Finally, Huang et al. [3] used two methodologies (nitrogen balance and degree of hydrolysis) to evaluate the effect of the drying method on the digestibility of amino acids of the black soldier fly (Hermetia illucens L.), without finding major differences in the results of both methods.

4. Insect Meal Digestibility

Table 3 summarises the results obtained on the in vitro protein hydrolysis of insects by various researchers. Large differences are observed, which can be attributed to the method of digestion, the method used to assess digestibility and the species or the developmental stage of the insect [55]. However, despite these differences, the protein digestibility of insects can be considered to be high; most species are between 80% and 90%, and even the larva of the lepidopteran Laniifera cyclades is reported to have 98.9% protein digestibility [51]. Few studies have compared insects with other reference feeds, but those analysed have shown that insects show a similar digestibility to fish meal (84.9% [46]; 85,7% [58]) and are a slightly lower digestibility than soybean meal (95%) [58].
In a study that used crude enzyme extracts from the digestive tracts of ducks, Kovitvadhi et al. [60] compared the in vitro protein digestibility of 17 insect species with fishmeal and soybean meal. The obtained Z. morio, TM, M. domestica, B. mori (pupae), and even the cockroach Periplaneta americana showed similar or higher digestibility than fishmeal or soybean meal. In addition, they found that acid detergent fibre (ADF) was the best predictor of protein digestibility, observing a significant negative correlation between these two parameters. This fact was observed by Marono et al. [63] who argued that the enzymes of monogastric animals are very inefficient at digesting ADF, and for better results, it is very important to obtain the chitin content.
Chitin is a polysaccharide of glucosamine and N-acetylglucosamine containing N in its molecules [6], is embedded in a scleroprotein matrix [70] and is neither degraded nor absorbed in the small intestine [71]. This has two implications: first, chitin may have “anti-nutritional” properties due to its potentially negative effects on protein digestibility [72], and second, there is no exact correlation between crude protein content and biologically available nitrogen [66], as N (used to estimate CP) is a major component of the indigestible cuticle of insects.
Specifically, Ozimek et al. [73] found that the whole dried honeybee contained up to 11% chitin, which in turn contained up to 6.9% N. Furthermore, they concluded that chitin removal improved protein digestibility, amino acid content, protein efficiency ratio and net protein utilisation.
However, although chitin can be considered indigestible, this depends on the enzyme package of the consuming species.
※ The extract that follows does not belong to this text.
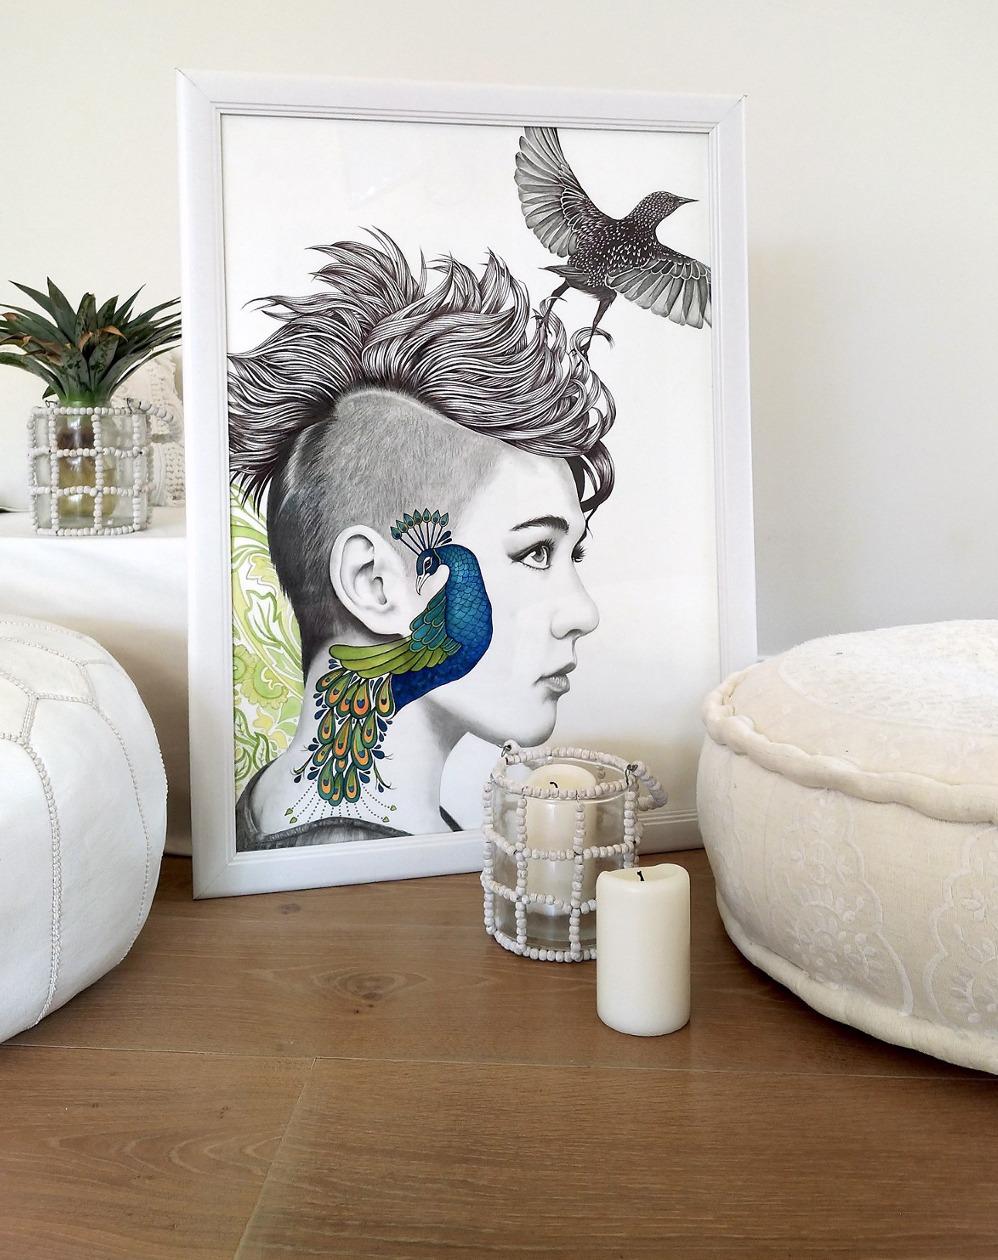 Photoshoot of finished Kati Designs artworks

Thus, several studies have observed that chitin/chitosan can be partially digested in humans due to the presence of chitinolytic enzymes from bacteria located in the gastrointestinal tract [74,75]. Another interesting aspect of chitin from the exoskeleton is that, as suggested by Lee et al. [76] it may have a positive effect on health, as it can stimulate the immune system.
Jayanegara et al. [77] evaluated the effect of decreasing the chitin content of cricket (Gryllus assimilis) through exoskeleton reduction (manual removal of head, legs and wings) or extraction with chemical solvents on digestibility. Despite the significant decrease in chitin with manual removal of the exoskeleton or its disappearance with chemical extraction, these authors did not obtain differences in the in vitro organic matter digestibility. However, it should be noted that the fermentation was carried out in rumen liquid in a first step and pepsin in a second step and that they did not determine the protein digestibility.
In addition to chitin, other processes may influence the hydrolysis of insect proteins, such as the autolysis observed by Yi et al. [30] who found a high content of initial NH2-free groups in insects. This may be a consequence of the action of insect digestive peptidases in their own body.
It should also be noted in Table 3 that different studies involving the same species, such as Kovitvadhi et al. [60], Marono et al. [63] (TM and HI) and Poelaert et al. [66] (TM and A. domesticus), have obtained lower values in the in vitro crude protein digestibility (IVCPD). However, these authors also obtained a low digestibility in all the feeds analysed, with soybeans having an IVCPD of 60.8% [65] or 61% [60], while Bosch et al. [58] observed 94.7%.

4.1. Order Blattodea

In general, these species seem to have the lowest digestibility (Table 3), and some species do not reach 80%. According to Bosch et al. [20] the chitin content and sclerotization of their exoskeleton may be the most decisive factor.

4.2. Order Diptera

The most studied diptera are HI and Musca domestica. Both show similar digestibility data with maximums of 89.7% [57] and 93.3% [58], respectively, in their larval stages. In contrast, HI prepupae have 50% of digestibility. This could be explained by the correlation between ADF and chitin. In addition, the proportion of ADF changes according to the life stage of the insect, being higher in the adult stage than in the larvae [60].

4.3. Order Coleoptera

Several studies have found that coleopteran larvae show similar or slightly higher digestibility percentages than dipterans, such as Alphitobius diaperinus, TM and Zophobas morio, with digestibility ranging from 85.0% to 92.5% [31,57,58]. This higher digestibility may be related to the chitin content. Yang et al. [66] found that the adult edible beetle Holotrichia parallela, which has a higher proportion of chitin (10%), shows a lower digestibility (78.3%). On the other hand, Finke [78] estimated a higher chitin content in HI (dipteran) with 5.4% chitin than in TM (coleopteran), which contains only 2.8% chitin.

4.4. Order Lepidoptera

Lepidoptera larvae are one of the groups with the highest digestibility, above 90%. Cirina butyrospermi was the only exception, with approximately 82% digestibility obtained with the pH-stat method, while the nitrogen balance method was used for the other lepidoptera species.

4.5. Order Orthoptera

Similar to the other groups, studies on the digestibility of Orthoptera species are scarce. A. domesticus has a high digestibility, with 85.3% [50] being the lowest and 91.7% [58] the highest. Ndiritu et al. [50] only performed the gastric phase. The other orthoptera analysed did not show digestibility lower than 82.3%.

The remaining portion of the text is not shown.